While on the topic of feelings, there is no difference in the feeling in the pit of my stomach when things are not going well in the operating room than when things are not going well in my airplane – especially when I am carrying passengers.   The impact of stress on my thinking, my alertness and my skills whether surgical or aviator are the same when circumstances turn to unexpected events.  Pilots are equally concerned about the welfare of their charges (passengers) as doctors are about theirs (patients).   If anything it could be argued that it would be more likely for a pilot to make an error  because their life is also in jeopardy and the negative impact of stress makes clear thinking and accurate decision making more difficult.  Take as evidence that high reliability theory can train operators to perform accurately under emergent and unforeseen circumstances as when Captain Chesley Sullenberger safely ditched a crippled Airbus in the Hudson River with no injuries.   This is a lesson that would be invaluable to learn for surgeons and trauma docs who must make urgent decisions and carry out difficult and complex procedures under the pressures generated by time compression and dire patient conditions.  So, with that said, I reject the premise that doctors are, or should be, less vigilant to guard against fatal error simply because  they will survive those mistakes and there is no less pressure or fervor for a “safe landing” for our patients than pilot feel for their passengers.

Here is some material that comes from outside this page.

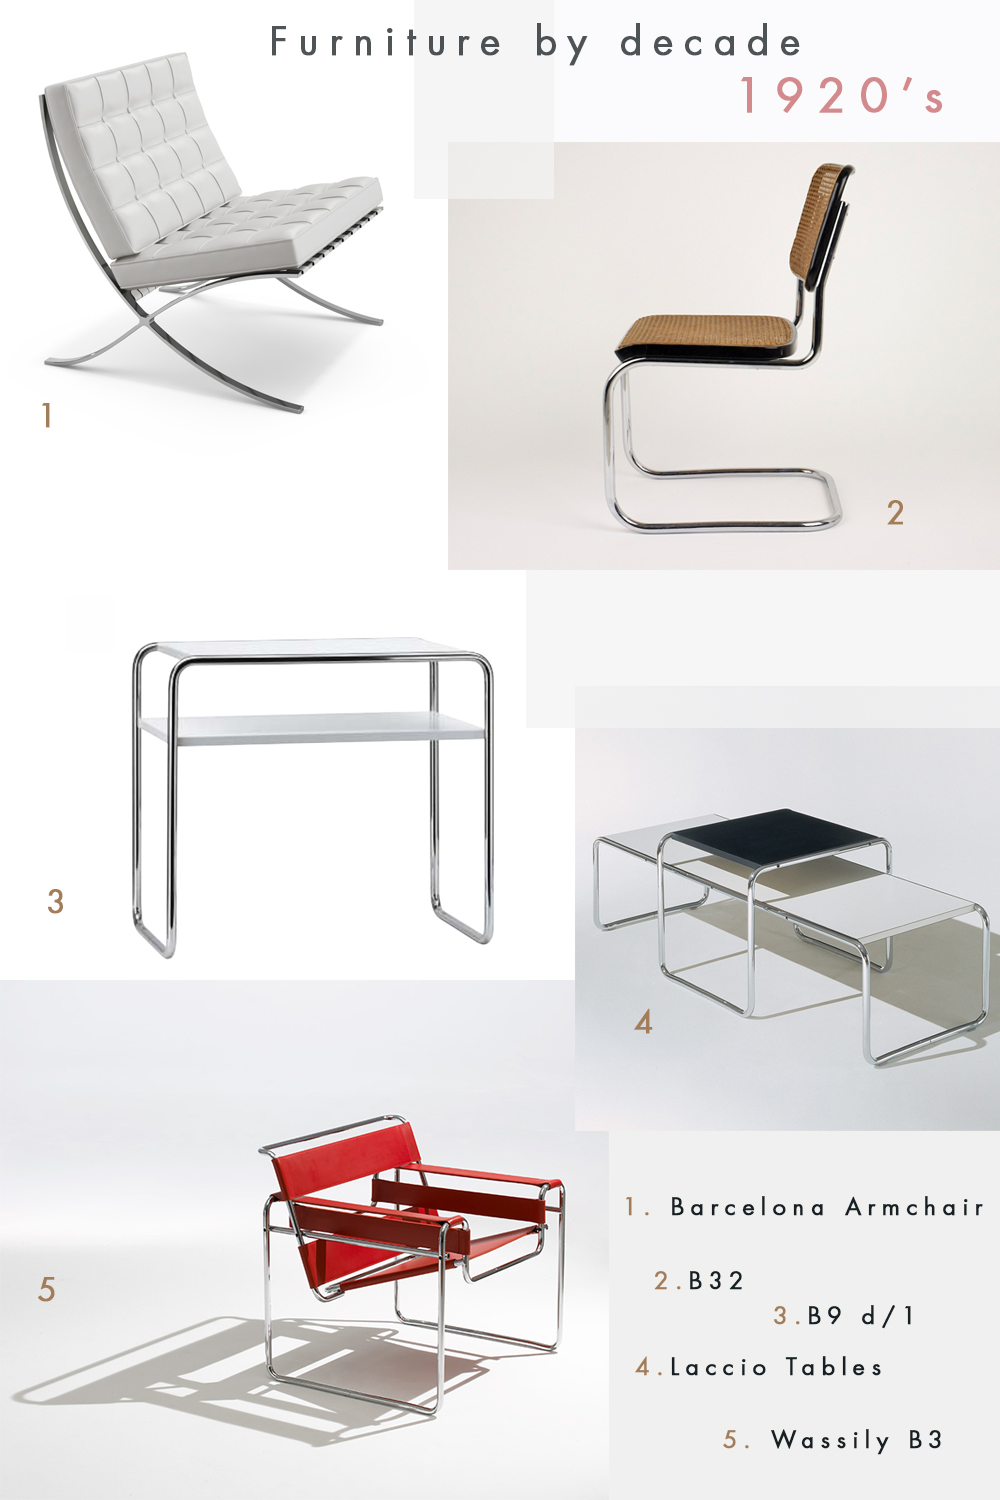 Furniture-by-decade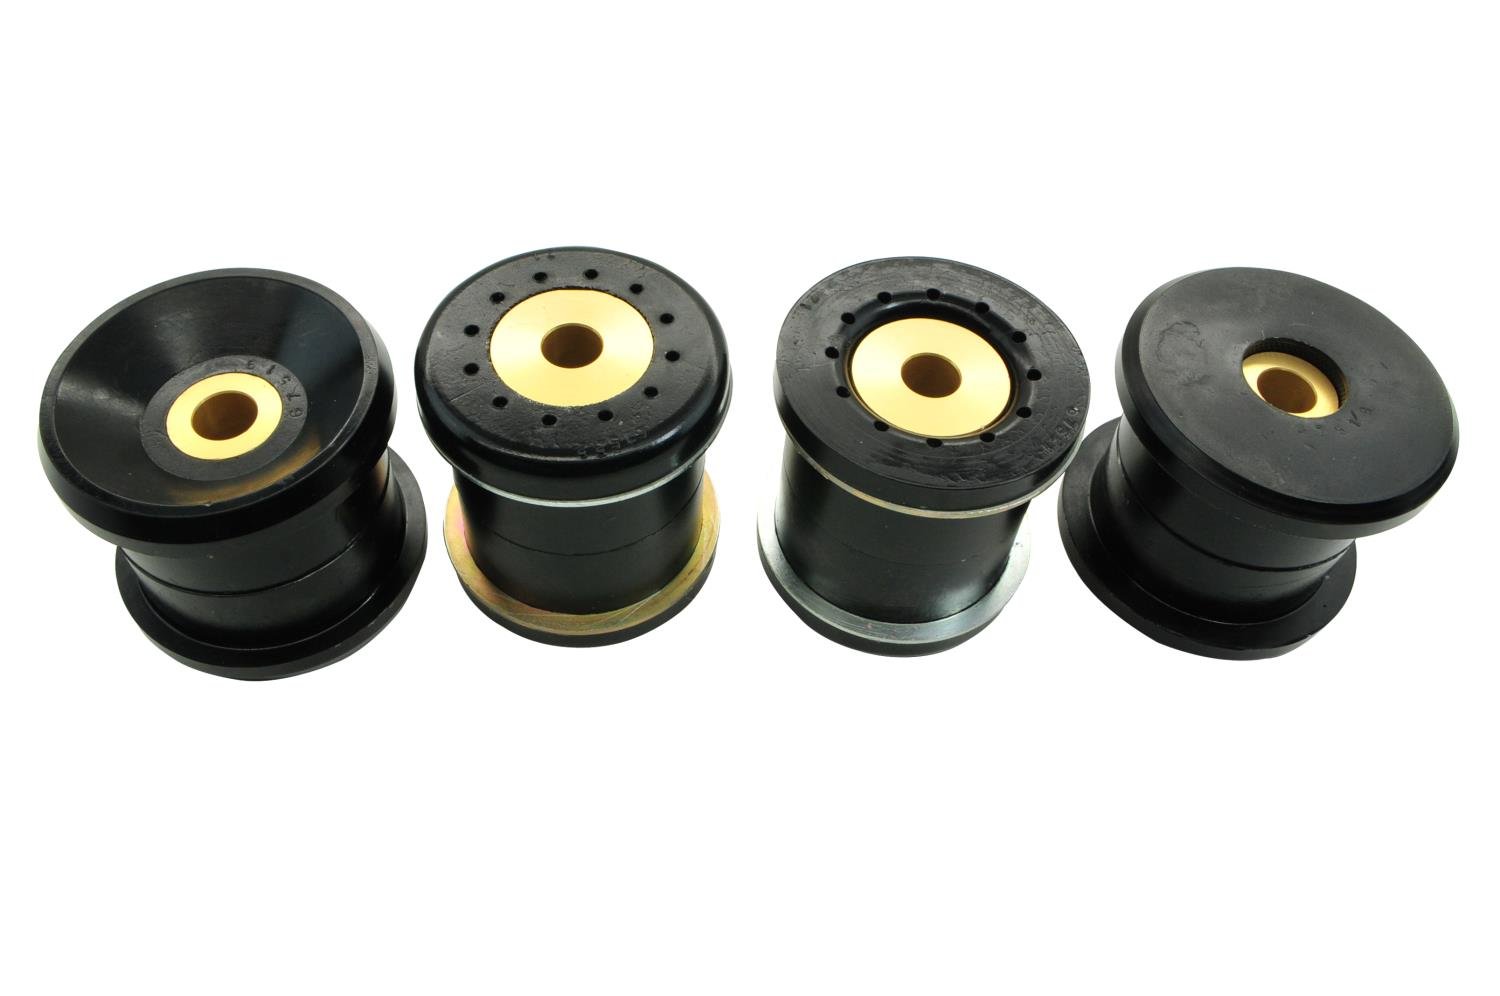 KDT917 Front and Rear Mount Bushing for 2005+ BMW 1 Series, 2005-2011 3 Series

The second common statement that the high reliability mindset does not apply to healthcare since doctors are not pilots is equally specious.   Physicians are clearly data driven and evidenced based in their practice of medicine.  But that does not mean every medication or treatment needs to be proven over and over for each subset of patients.  If a treatment is efficacious in a 30 year old patient it is equally valuable in a 40 year old without doing another randomized-control-double-blinded-study to prove the point.  This was the topic of a brilliant article by Gordon Smith and Jill Pell entitled, “Parachute use to prevent death and major trauma related to gravitational challenge: systematic review of randomized controlled trials” in The British Medical Journal (BMJ 327:1459-61. December 2003).  The essence of their theory is that advocates of evidence based medicine have criticized the adoption of interventions evaluated by using only observational data.  As with many interventions intended to prevent ill health, the effectiveness of parachutes has not been subjected to rigorous evaluation by randomized controlled trials.  They propose that healthcare might benefit if the most radical protagonists of evidence based medicine organized and participated in a double blind, randomized, placebo controlled, and crossover trial of the parachute.  In short, there are some things that work and do not need to be re-proven over and over in every aspect of human behavior and error avoidance.   Such is the case with the applicability of high reliability safety theory to patient safety.

The sources of human error are thoroughly studied and well known and apply to all human error whether in healthcare, nuclear power plants or airline cockpits.   High Reliability Organization (HRO) safety theory embodies skills, methods and techniques to mitigate human error and catch the small missteps of early error before they are allowed to spiral into disaster.  These methods need only be understood and applied to patient safety, not reinvented and re-proven.   Certainly the sources of equipment failure and even some system failures are different in different organizations, but the hallmark of HRO’s is the way human operators are trained to deal with, and recover from, these failures to prevent catastrophe.  It is exactly these principles that will reduce errors in patient care.  So that’s what I think, what do you think?